En Égypte, l’eau est abondante et d’excellente qualité. Mais maintenant les Israélites sont en plein désert et oubliant que l’Éternel est toujours avec eux, ils entonnent à nouveau la complainte du désert et bien sûr Moïse est dans leur ligne de mire.

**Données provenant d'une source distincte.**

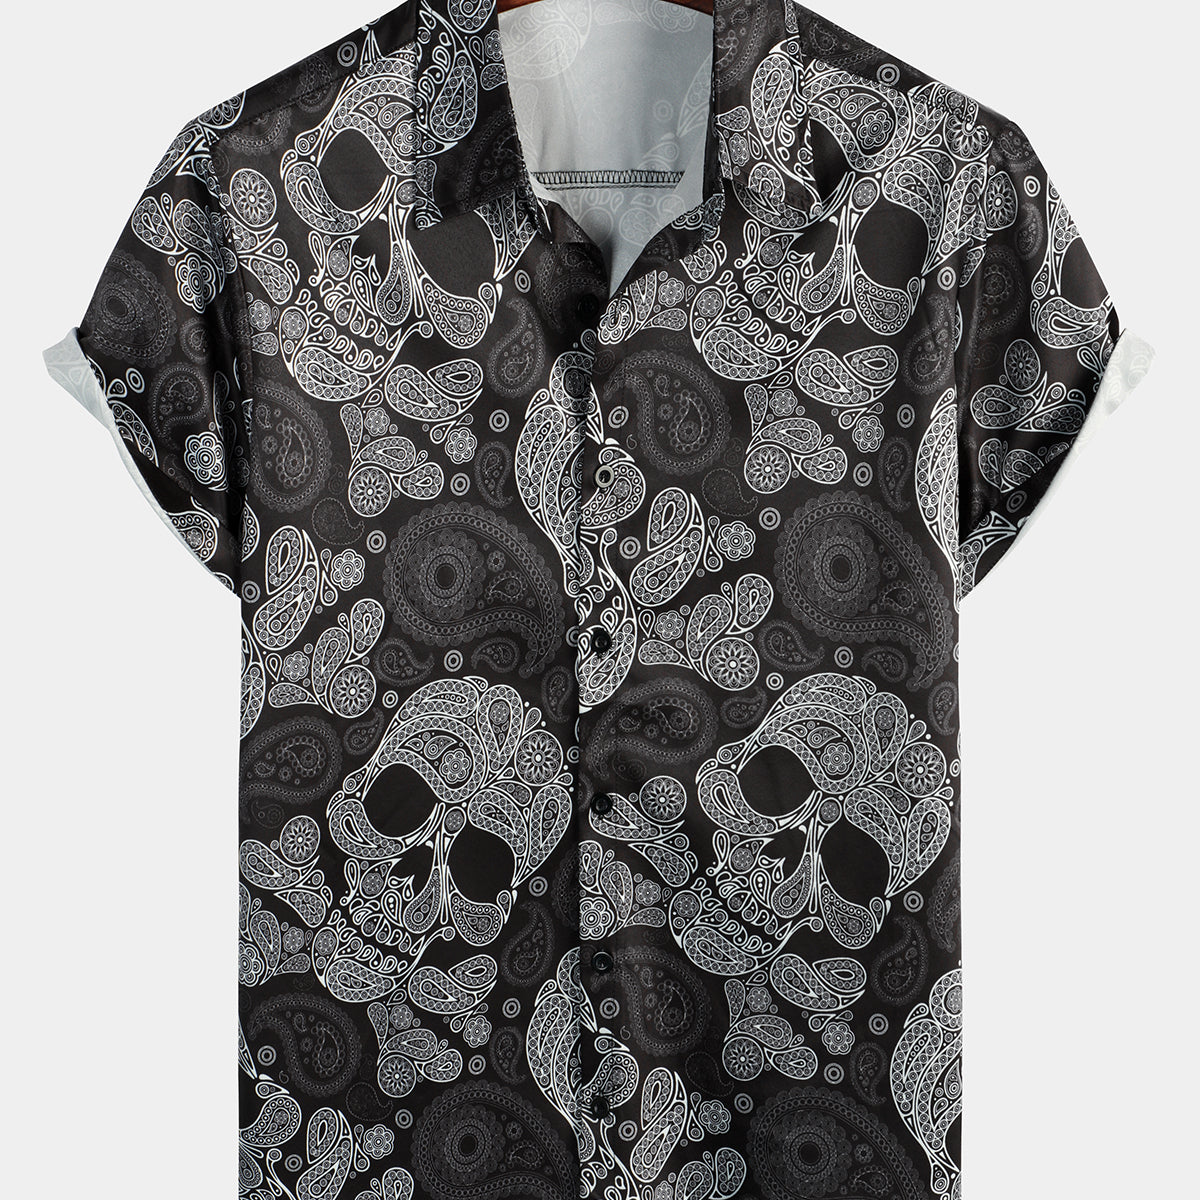 Men's Funny Black Skull Print Cool Paisley Button Up Punk Rock Short Sleeve Shirt

« Moïse implora l’Éternel, qui lui indiqua une espèce de bois qu’il jeta dans l’eau, et elle devint potable. C’est à cet endroit que l’Éternel donna au peuple des préceptes. Il leur dit : Si vous êtes attentifs à ses commandements et si vous obéissez à toutes ses lois, je ne vous infligerai aucune des maladies dont j’ai frappé les Égyptiens » (Exode 15.25-26).

Ce désert est l’endroit idéal pour un baptême du feu et pour commencer l’éducation du peuple mais au lieu d’en ressortir tout de blanc vêtus, ils sentent le fumier.

« Les Israélites campèrent à Élim où il y avait douze sources d’eau et soixante-dix palmiers (Exode 15.27). Ils quittèrent Élim et arrivèrent au désert de Sin. Là, ils se plaignirent, disant :  Pourquoi l’Éternel ne nous a-t-il pas fait mourir en Égypte où nous mangions à satiété, car vous nous avez amenés dans ce désert pour nous y faire mourir de faim » (Exode 16.1-3).

Cela fait bien deux mois que les Hébreux ont quitté l’Égypte et les voilà qui entonnent le chant du désespoir, leur hymne favori. La première fois, c’était face à la mer rouge avec le pharaon sur leurs talons. Ensuite, ils ont pleuré à chaudes larmes à Mara parce que l’eau était imbuvable. Maintenant dans le désert de Sin, ils entonnent la complainte du désert pour la troisième fois mais ils y vont un peu fort en accusant l’Éternel, Moïse et Aaron d’avoir comploté leur mort. A les entendre on croirait qu’ils ont quitté un hôtel cinq étoiles. Décidément, ce peuple est un gros boulet au pied de Moïse…

« L’Éternel dit à Moïse : Je vais faire pleuvoir du pain ; le peuple ramassera chaque jour la ration nécessaire et je le mettrai à l’épreuve pour voir s’il se conforme à mes instructions » (Exode 16.4).

Ce pain est la manne, un mot qui signifie : « Qu’est-ce que c’est ? ».